Three male groups with an average age of 19-21, 4 people each, consisting of submarine athletes involved in winter swimming, underwent voluntary tests. The weight of each participant was selected within 75-78 kg in order to correctly measure body temperature. Subjects after taking the drug were offered to stay in water until the first signs of hypothermia (chills, tremors, etc.) appeared. Each group, 45 minutes before swimming and immediately after swimming in the hole, was offered per os drug X to improve cold tolerance.

The first group took 200 ml of a 3% glucose solution.

The second group took 200 ml of 15% polyethylene oxide: 0.5 g of substance per 1 kg of body weight.

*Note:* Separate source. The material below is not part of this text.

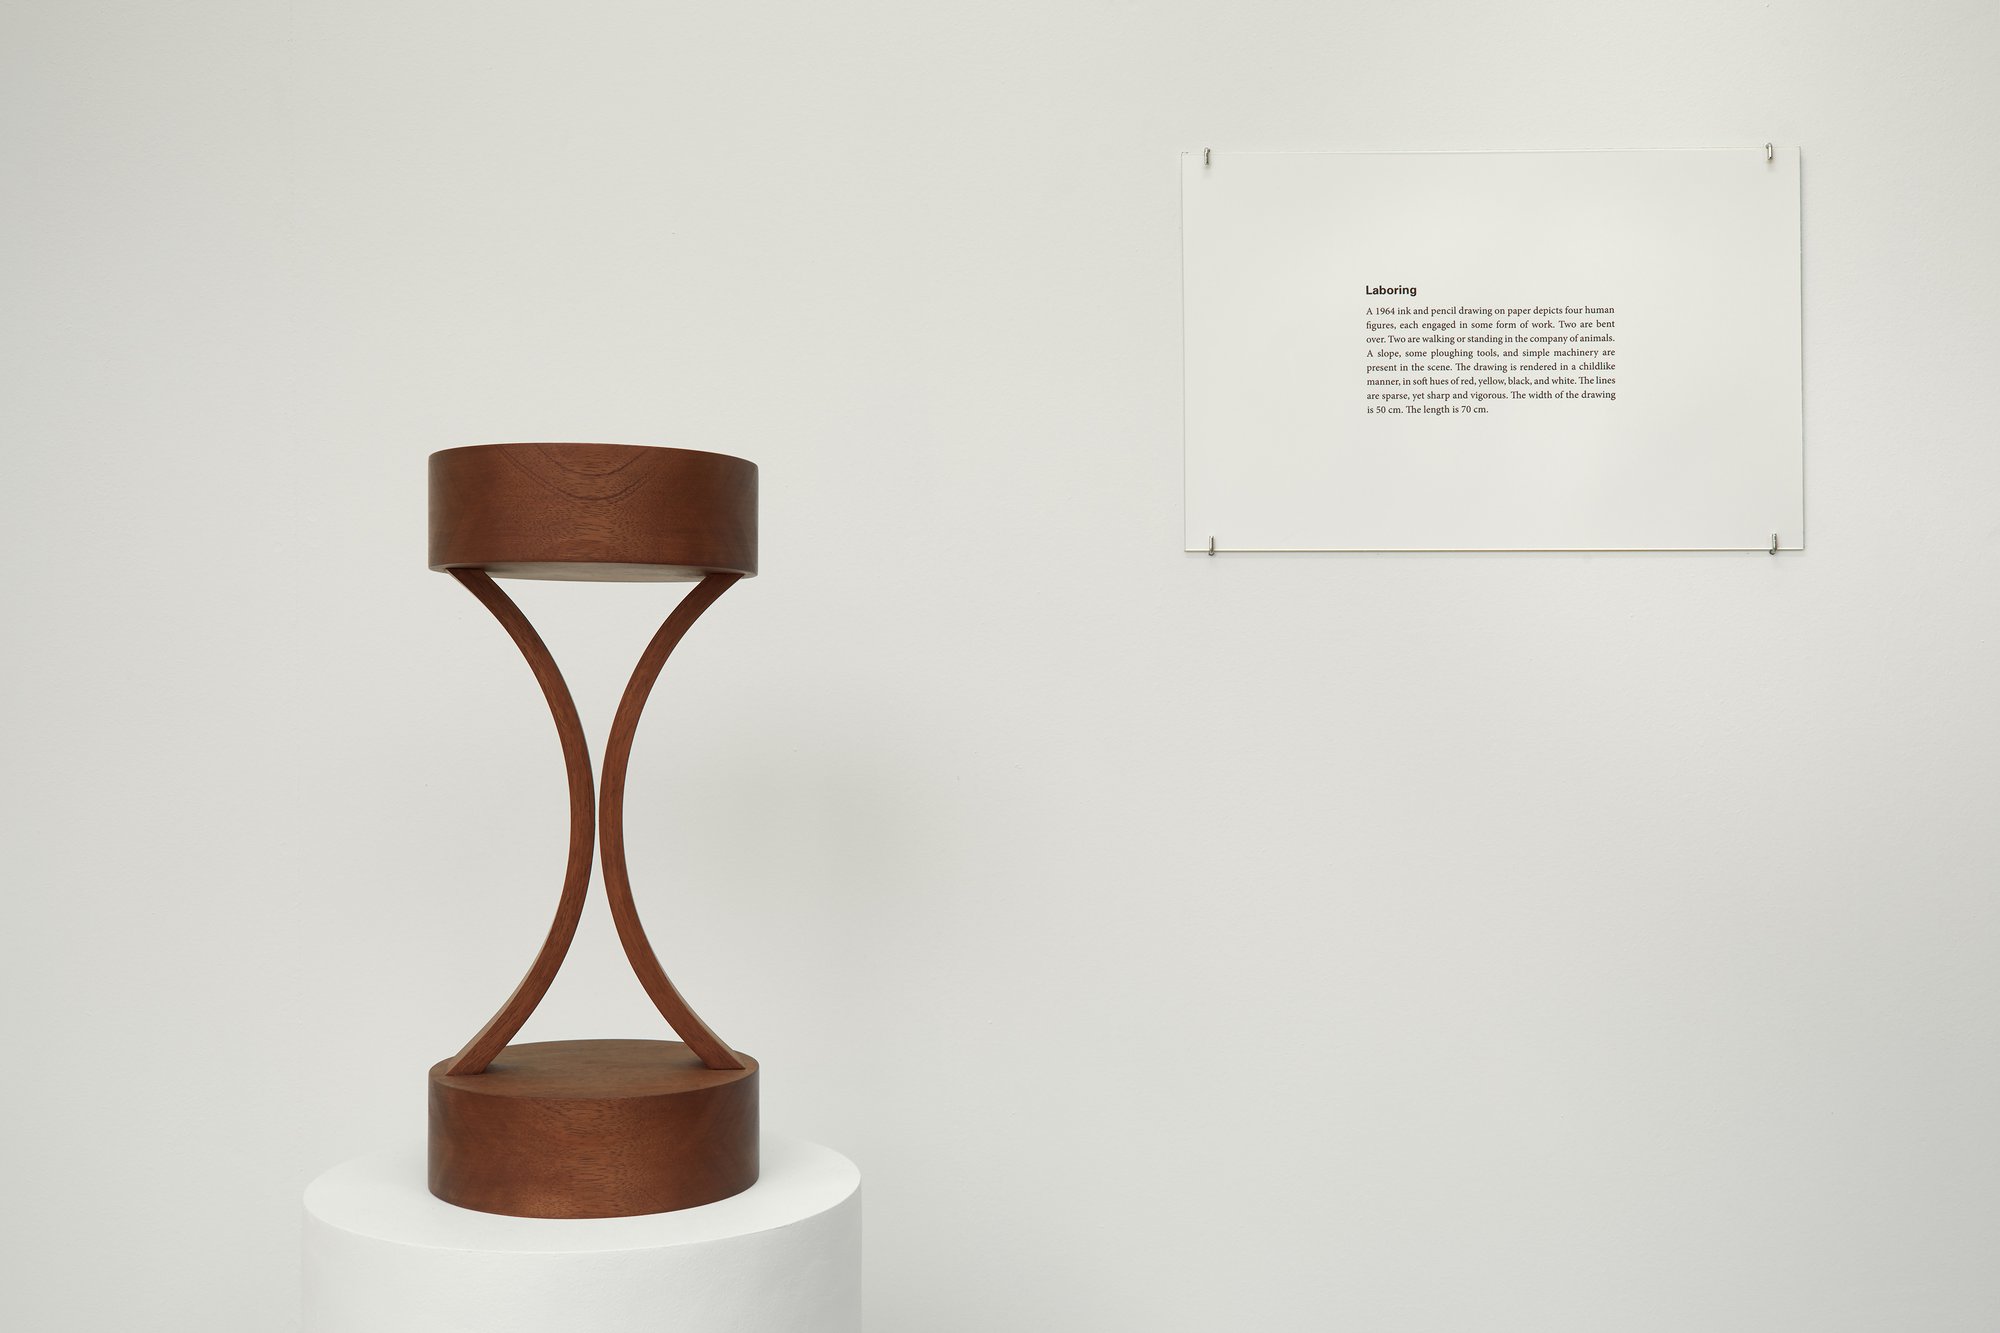 Iman Issa, Labouring (study for 2012), mahogany sculpture, text panel under glass, white plinth, sculpture: 39.4 x 18 cm, plinth: 95.2 x 30 cm, 2012

The third group took the composite preparation "Cryoplan" 200 ml from the calculation: polyethylene oxide 0.5 g, nicotinic acid - 0.001 g, glutamic acid - 0.005 g, riboflavin - 0.007, ascorbic acid - 0.015 g, ubiquinone - 0.0006 g, succinic acid - 0.004 g, water - the rest.

The drug is used at the rate of 0.5 g of polyethylene oxide per 1 kg of body weight with a dilution of up to 200 ml of an aqueous solution.

The research results are shown in table 2.

Table 2. Indicators of average cooling time and SOD by groups Groups one 2 3 Average residence time in water (min) 12.5 17,2 32.1 Rectal temperature (° C) 34.8 35.1 35.8 SOD 16 ± 0.5 14 ± 0.5 11 ± 0.5 Water temperature -4.0 ± 0.5 -4.0 ± 0.5 -4.0 ± 0.5 Air temperature -18.0 ± 0.5 -18.0 ± 0.5 -18.0 ± 0.5

Claims (2)

1. A tool to increase the resistance of humans and animals to hypothermia, characterized in that it contains nicotinic and glutamic acids, riboflavin, ascorbic acid, ubiquinone, succinic acid, polyethylene oxide and water in the following ratio of ingredients, wt.%: Polyethylene oxide 0.5-0.7 A nicotinic acid 0.001-0.0012 Glutamic acid 0.005-0.007 Riboflavin 0.005-0.007 Vitamin C 0.015-0.017 Ubiquinone 0,0004-0,0006 succinic acid 0.003-0.005 Water Rest 2. A method of increasing the resistance of humans and animals to hypothermia, characterized in that to activate the vital biochemical processes 30 minutes before the work associated with hypothermia, and after its completion, the agent according to claim 1 is administered.